I have saved until last the most intriguing of them all: Pharaoh’s daughter. It was she who had the courage to rescue an Israelite child and bring him up as her own in the very palace where her father was plotting the destruction of the Israelite people. Could we imagine a daughter of Hitler, or Eichmann, or Stalin, doing the same? There is something at once heroic and gracious about this lightly sketched figure, the woman who gave Moses his name.
Who was she? The Torah does not mention her name. However the First Book of Chronicles (4:18) references a daughter of Pharaoh, named Bitya, and it was she whom the Sages identified as the woman who saved Moses. The name Bitya (sometimes rendered as Batya) means “the daughter of G-d.” From this, the Sages drew one of their most striking lessons:
The Holy One, blessed be He, said to her: “Moses was not your son, yet you called him your son. You are not My daughter, but I shall call you My daughter.” (Vayikra Rabbah 1:3)

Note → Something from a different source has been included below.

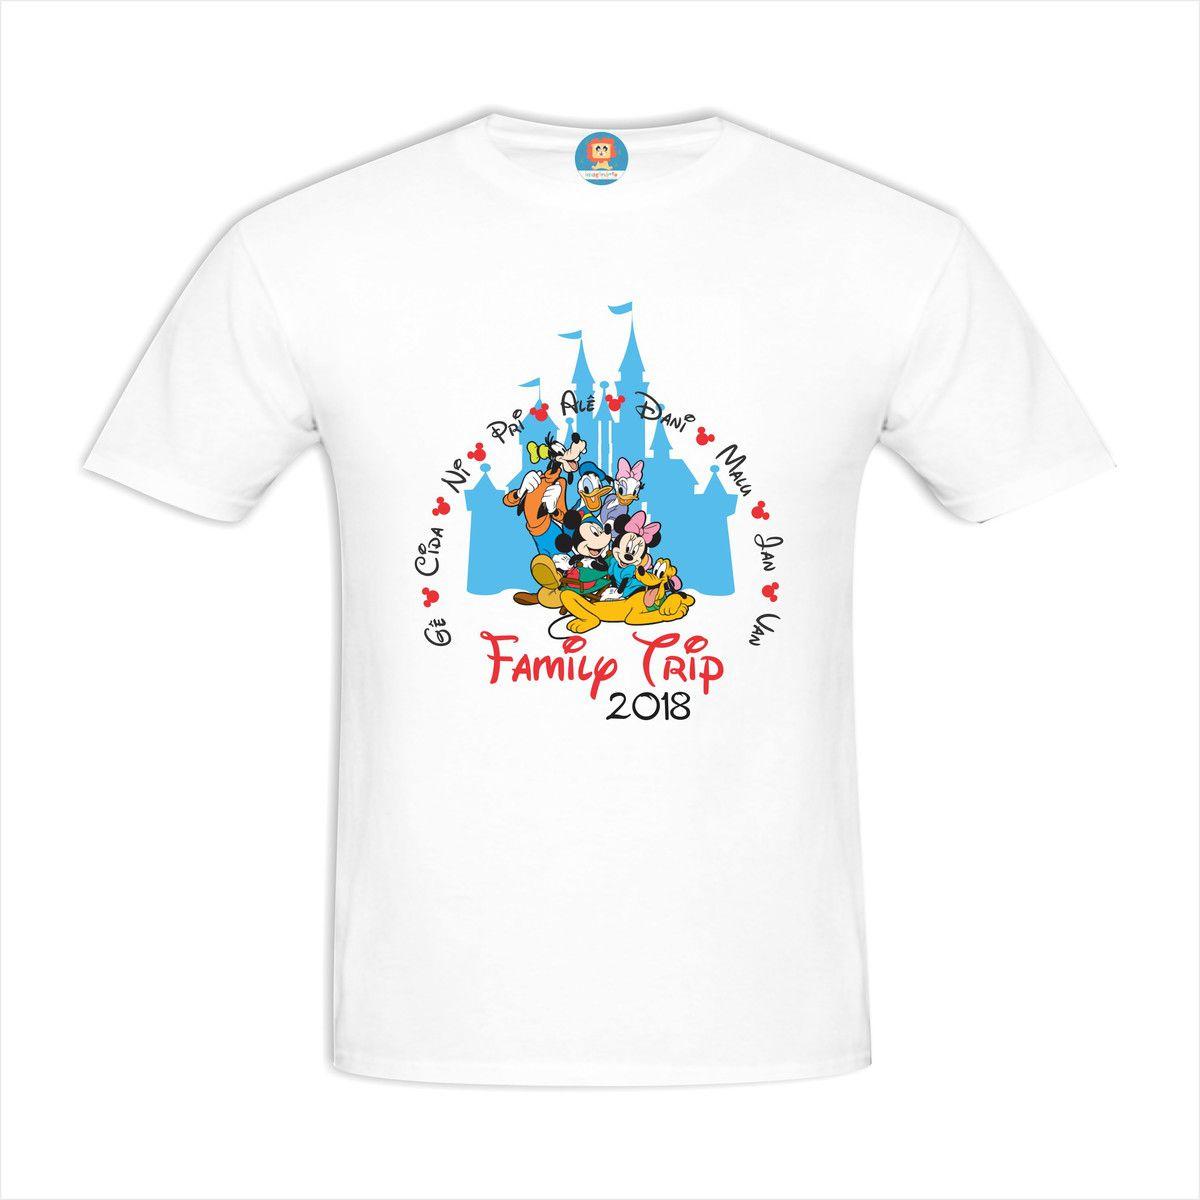 Camiseta Personalizada Family Trip Disney com Nomes

They added that she was one of the few people (tradition enumerates nine) who were so righteous that they entered paradise in their lifetime.
So, on the surface, the parsha of Shemot is about the initiation into leadership of one remarkable man, but just beneath the surface is a counter-narrative of six extraordinary women without whom there would not have been a Moses. They belong to a long tradition of strong women throughout Jewish history, from Deborah, Hannah, Ruth and Esther in the Bible to more modern religious figures like Sarah Schenirer and Nechama Leibowitz to more secular figures like Anne Frank, Hannah Senesh and Golda Meir.
How then, if women emerge so powerfully as leaders, were they excluded in Jewish law from certain leadership roles? If we look carefully we will see that women were historically excluded from two areas. One was the “crown of priesthood,” which went to Aaron and his sons. The other was the “crown of kingship,” which went to David and his sons. These were two roles built on the principle of dynastic succession. From the third crown – the “crown of Torah” – however, women were not excluded. There were prophetesses, not just prophets. The Sages enumerated seven of them (Megillah 14a). There have been great women Torah scholars always, from the Mishnaic period (Beruriah, Ima Shalom) until today.
At stake is a more general distinction. Rabbi Eliyahu Bakshi-Doron in his Responsa, Binyan Av, differentiates between formal or official authority (samchut) and actual leadership (hanhagah). There are figures who hold positions of authority – prime ministers, presidents, CEOs – who may not be leaders at all. They may have the power to force people to do what they say, but they have no followers. They excite no admiration. They inspire no emulation. And there may be leaders who hold no official position at all but who are turned to for advice and are held up as role models. They have no power but great influence. Israel’s prophets belonged to this category. So, often, did the gedolei Yisrael, the great Sages of each generation. Neither Rashi nor Rambam held any official position (some scholars say that Rambam was chief rabbi of Egypt but most hold that he was not, though his descendants were). Wherever leadership depends on personal qualities – what Max Weber called “charismatic authority” – and not on office or title, there is no distinction between women and men.
Yocheved, Miriam, Shifra, Puah, Tzipporah and Batya were leaders not because of any official position they held (in the case of Batya she was a leader despite her official title as a princess of Egypt). They were leaders because they had courage and conscience. They refused to be intimidated by power or defeated by circumstance. They were the real heroes of the Exodus. Their courage is still a source of inspiration today.